Site information
- Type: Device Fort
- Condition: Destroyed

Location
- Milton Blockhouse Former site of Milton Blockhouse, shown within Kent
- Coordinates: 51°26′37″N 0°22′48″E﻿ / ﻿51.44348°N 0.38008°E

Site history
- Materials: Stone and brick

= Milton Blockhouse =

16th-century fortification in England

Milton Blockhouse was an artillery fortification constructed as part of Henry VIII's Device plan of 1539, in response to fears of an imminent invasion of England.

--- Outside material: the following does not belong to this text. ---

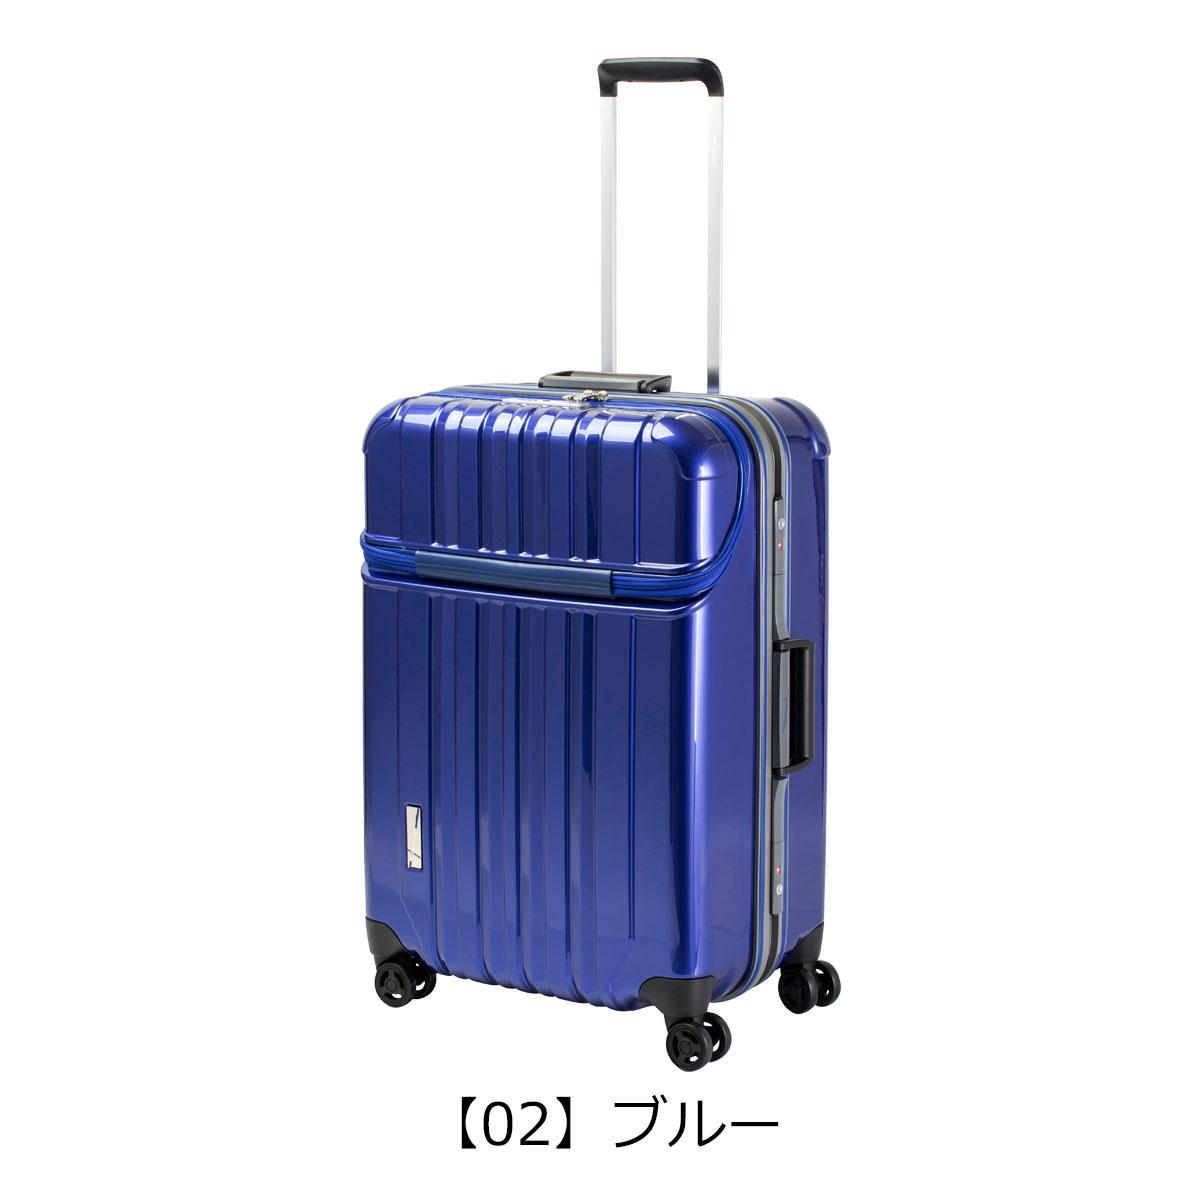 【02】ブルー

It was built at Milton, near Gravesend in Kent at a strategic point along the River Thames, and was operational by 1540. Equipped with 30 pieces of artillery and a garrison of 12 men and a captain, it was probably a two-storey, D-shaped building, designed to prevent enemy ships from progressing further up the river or landing an invasion force. It was stripped of its artillery in 1553 and was demolished between 1557 and 1558; nothing remains of the building above ground, although archaeological investigations in the 1970s uncovered parts of the blockhouse's foundations.

==Background==
Milton Blockhouse was built as a consequence of international tensions between England, France and the Holy Roman Empire in the final years of the reign of King Henry VIII. Traditionally the Crown had left coastal defences to the local lords and communities, playing only a modest role in building and maintaining fortifications, and while France and the Empire remained in conflict with one another, maritime raids were common but an actual invasion of England seemed unlikely. Modest defences, based around simple blockhouses and towers, existed in the south-west and along the Sussex coast, as well as a few more impressive works in the north of England, but in general the fortifications were very limited in scale.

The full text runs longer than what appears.